DATASET CONTENT =>

Start of Block

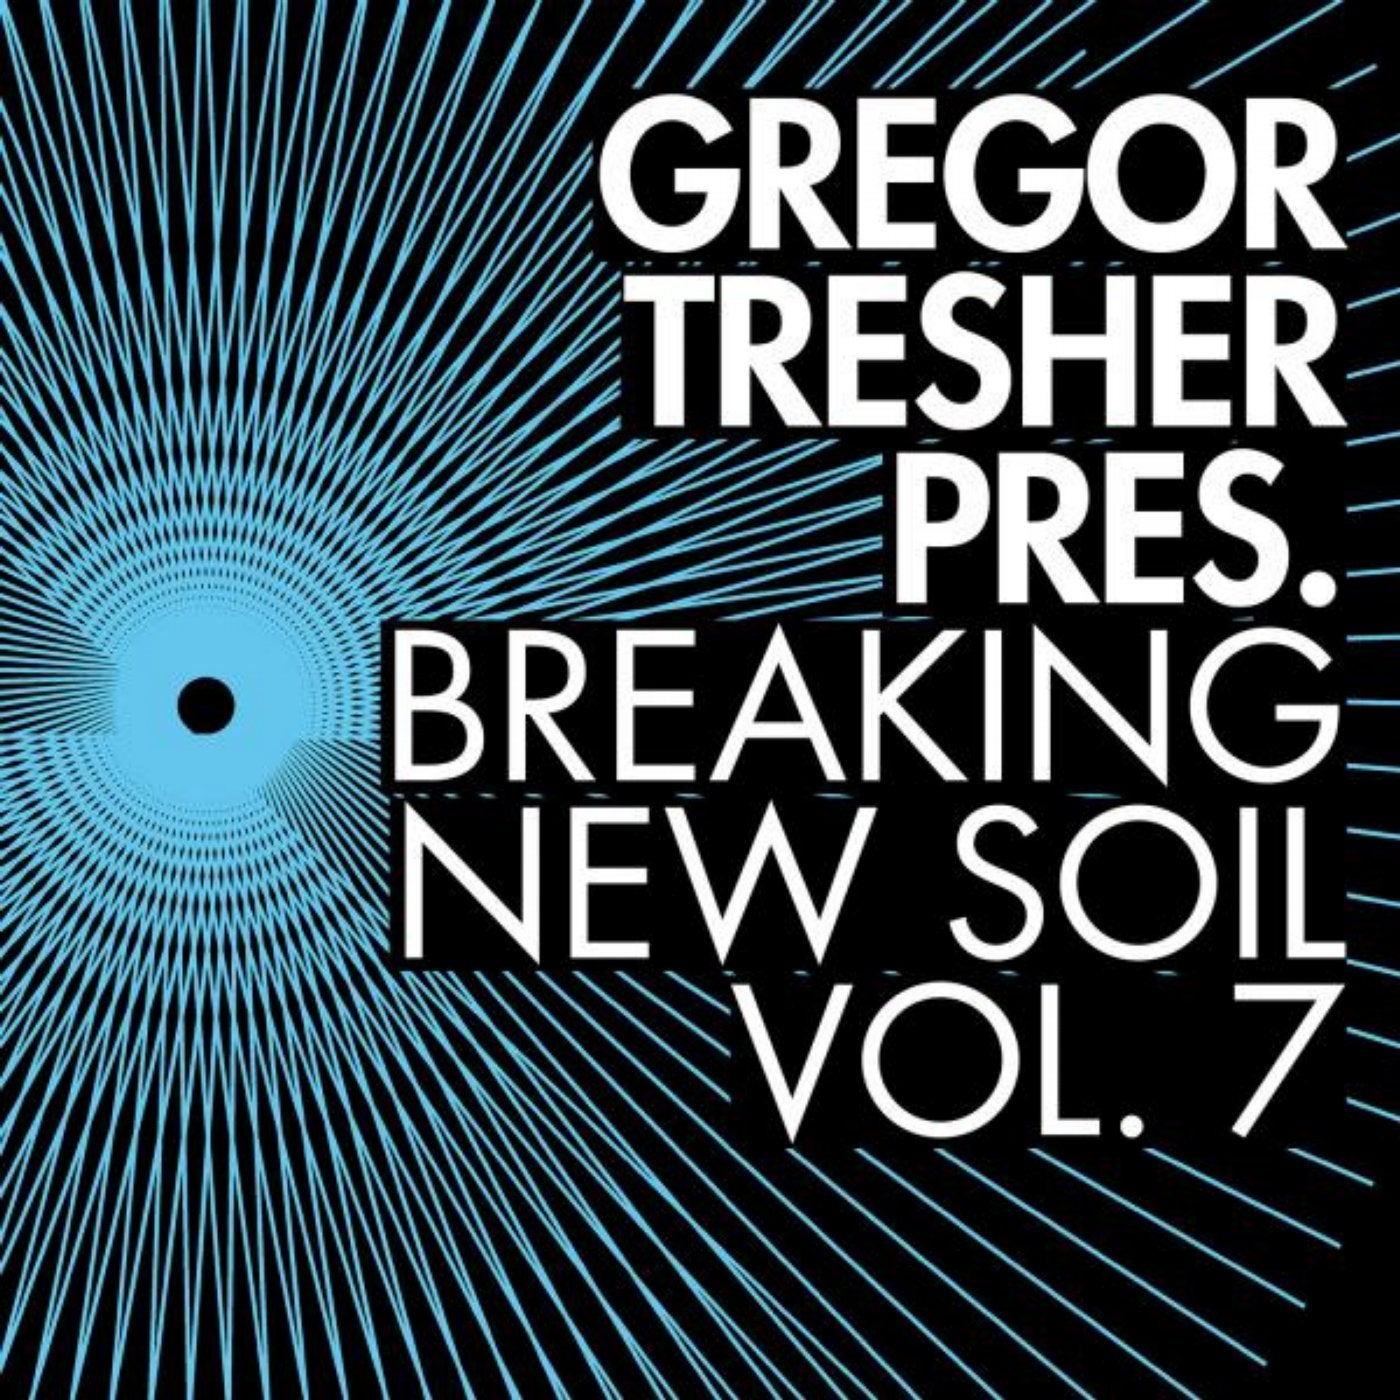 Gregor Tresher Presents Breaking New Soil, Vol. 7
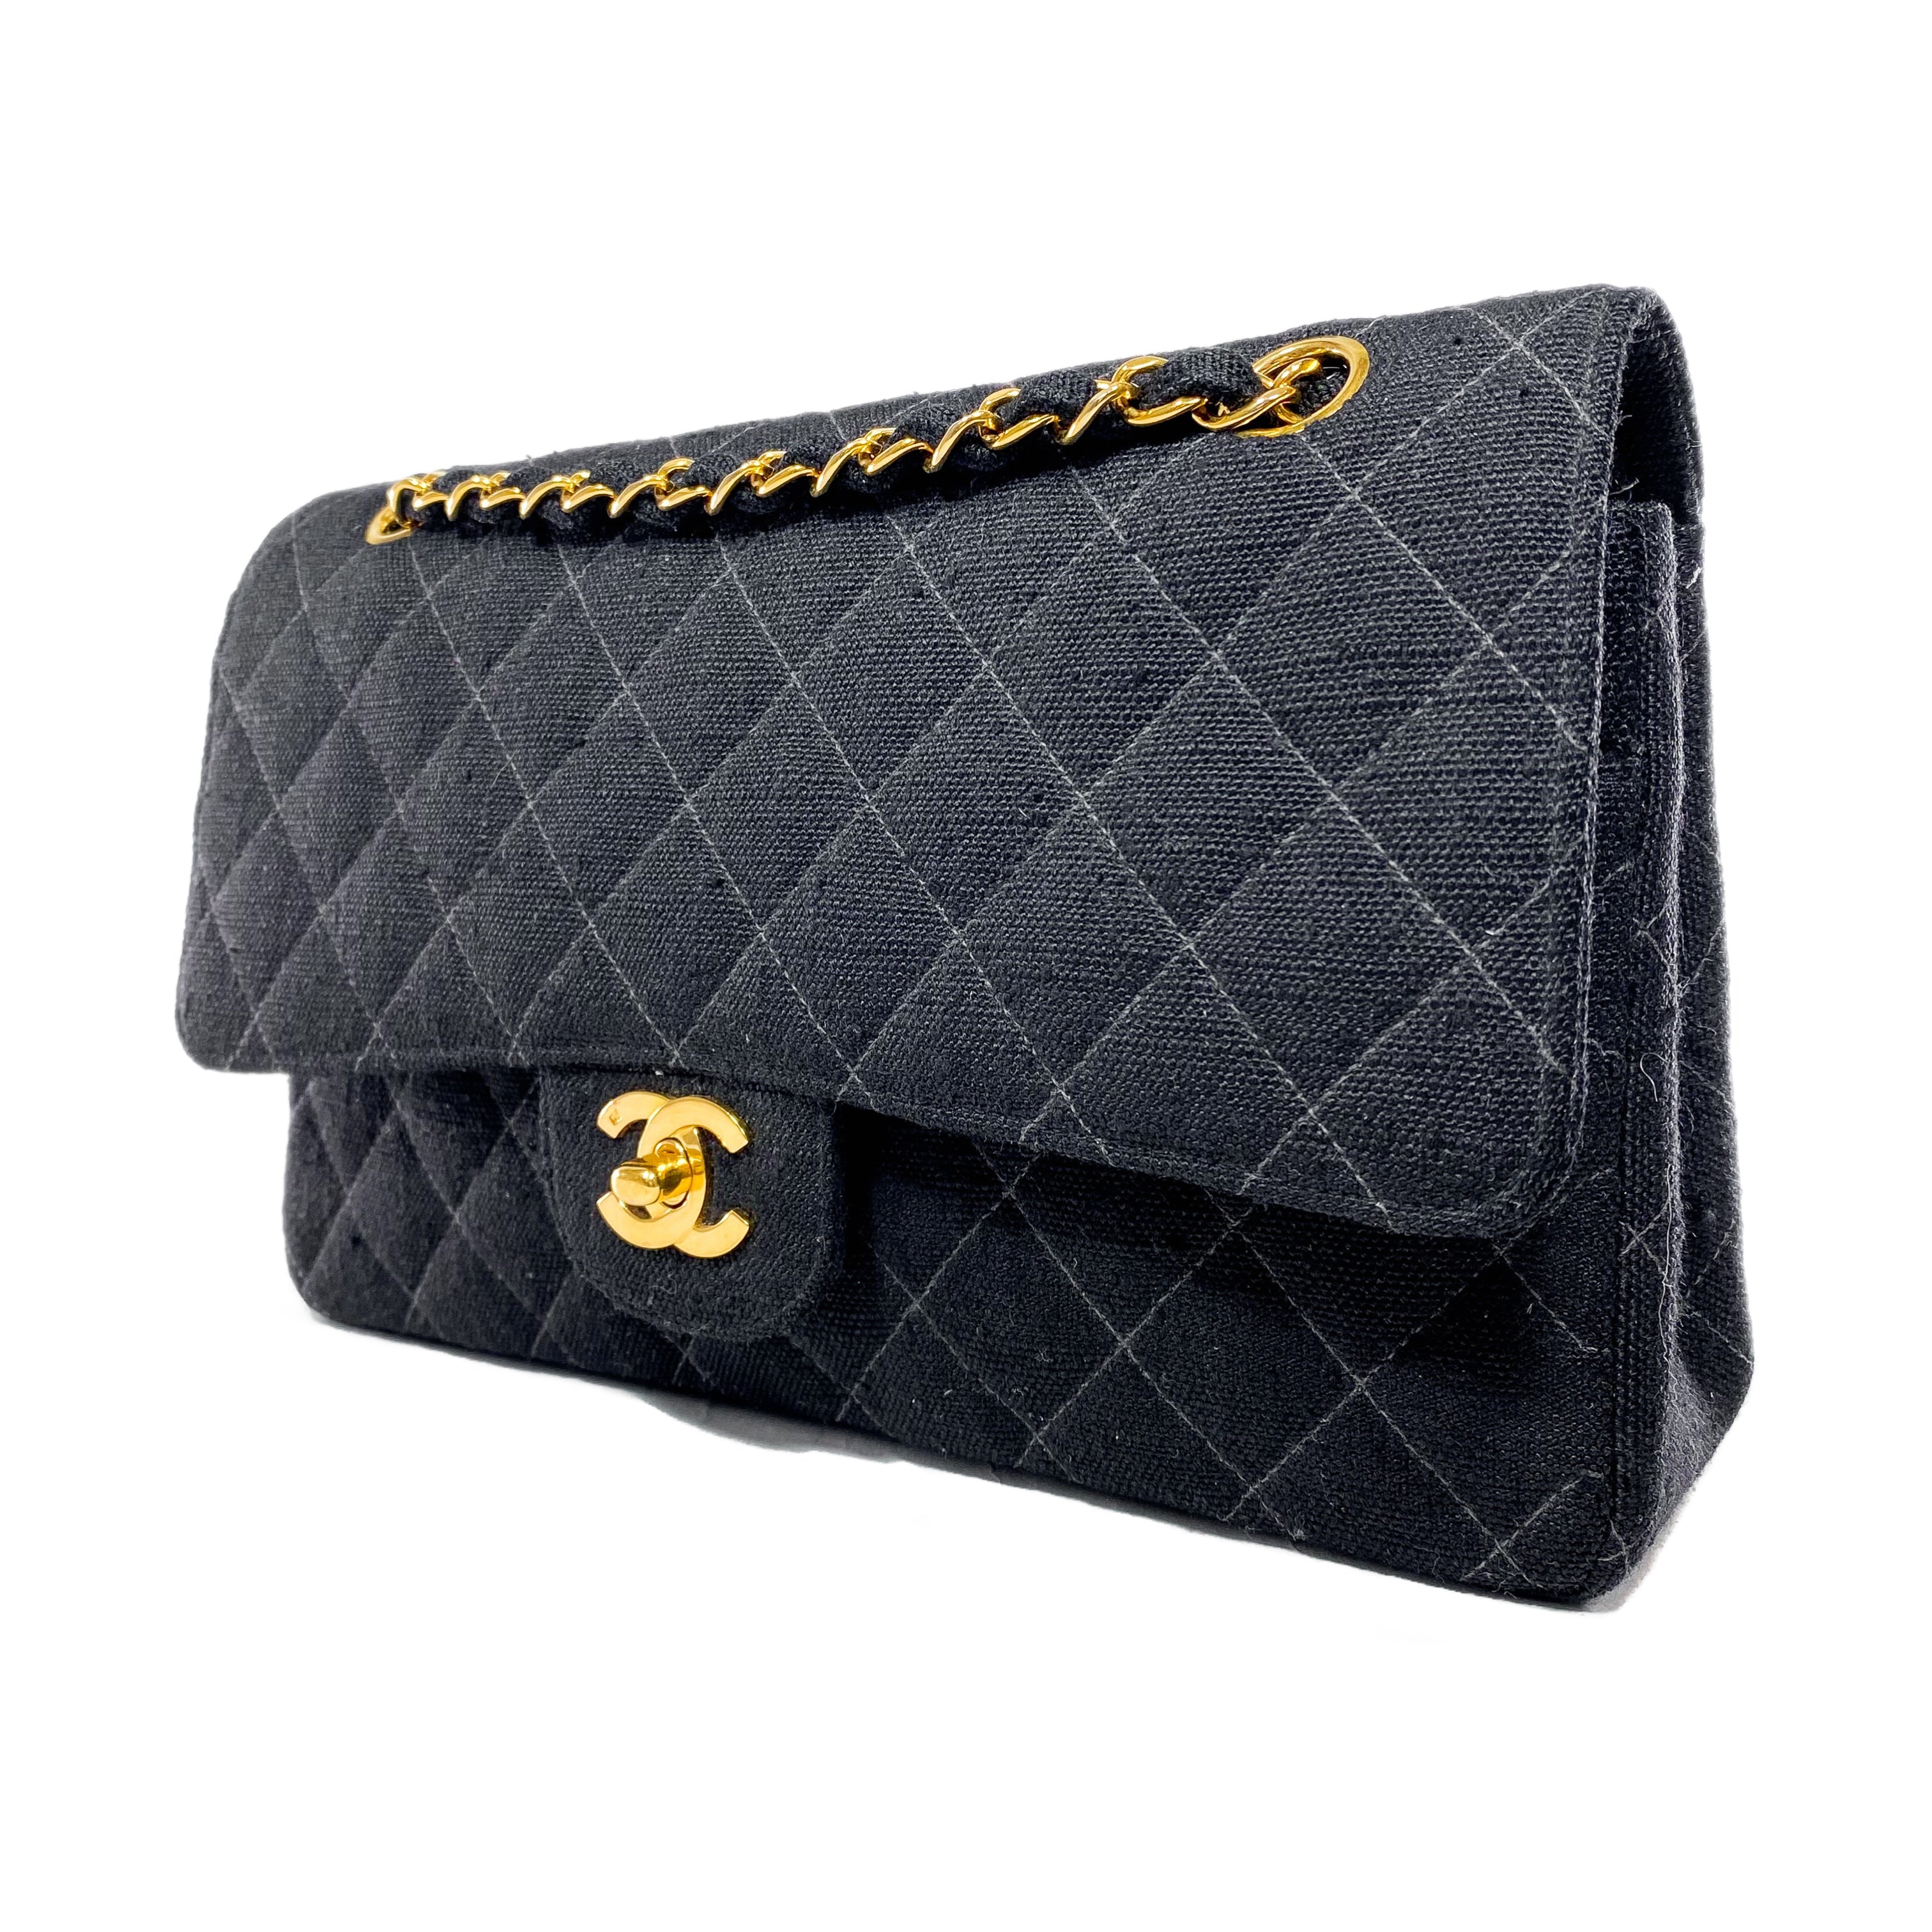 Chanel Black Canvas Medium Double Flap Bag
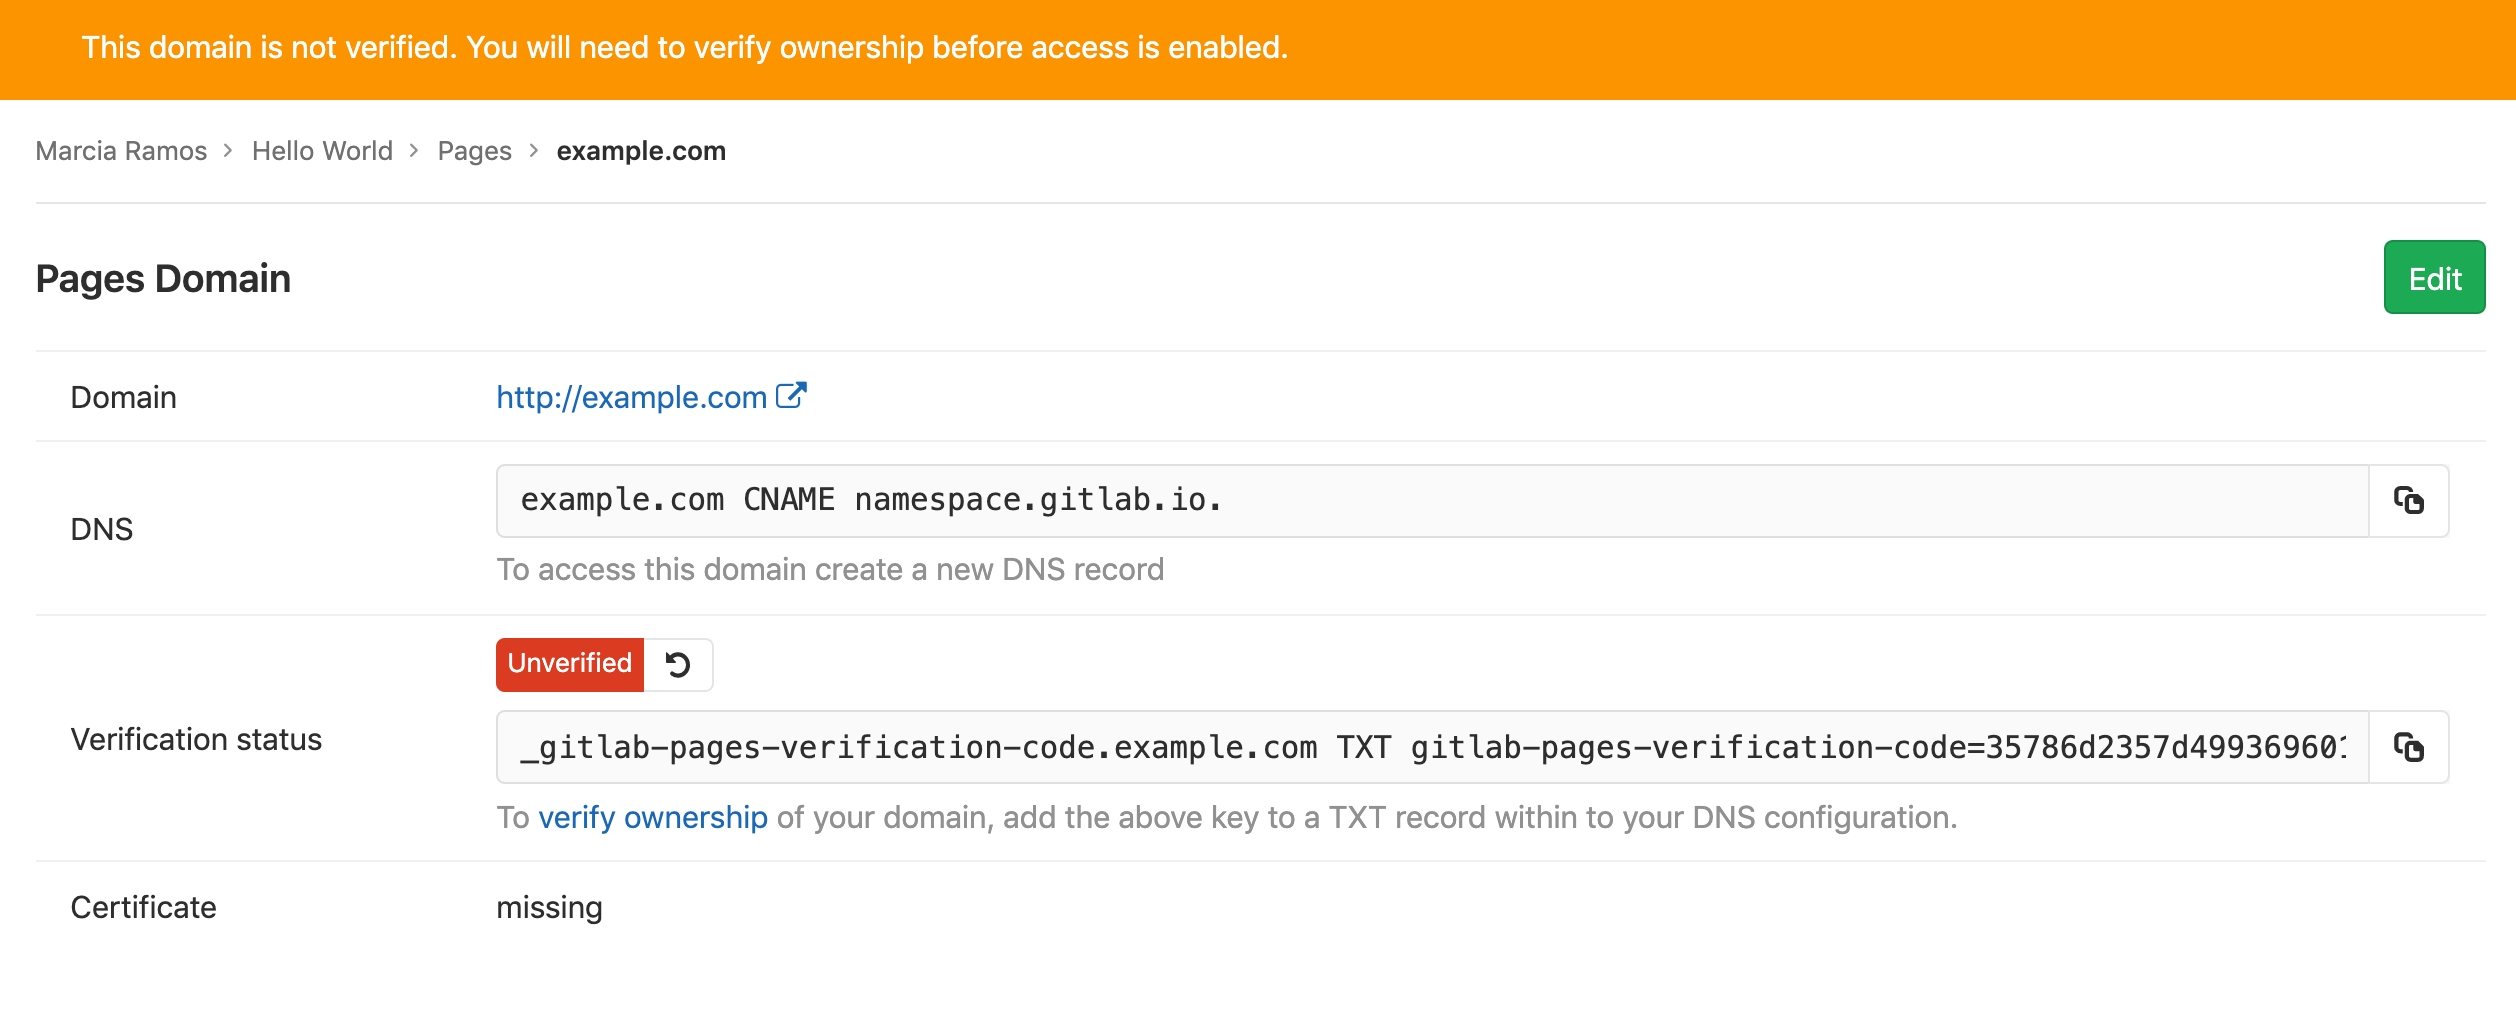 GitLab Pages domain verification code

End of Block

TASK PROMPT =>
The answer must be the full listing, exact in every line, with the pictures removed.

ANSWER =>
 Gregor Tresher Presents Breaking New Soil, Vol. 7
 Chanel Black Canvas Medium Double Flap Bag
 GitLab Pages domain verification code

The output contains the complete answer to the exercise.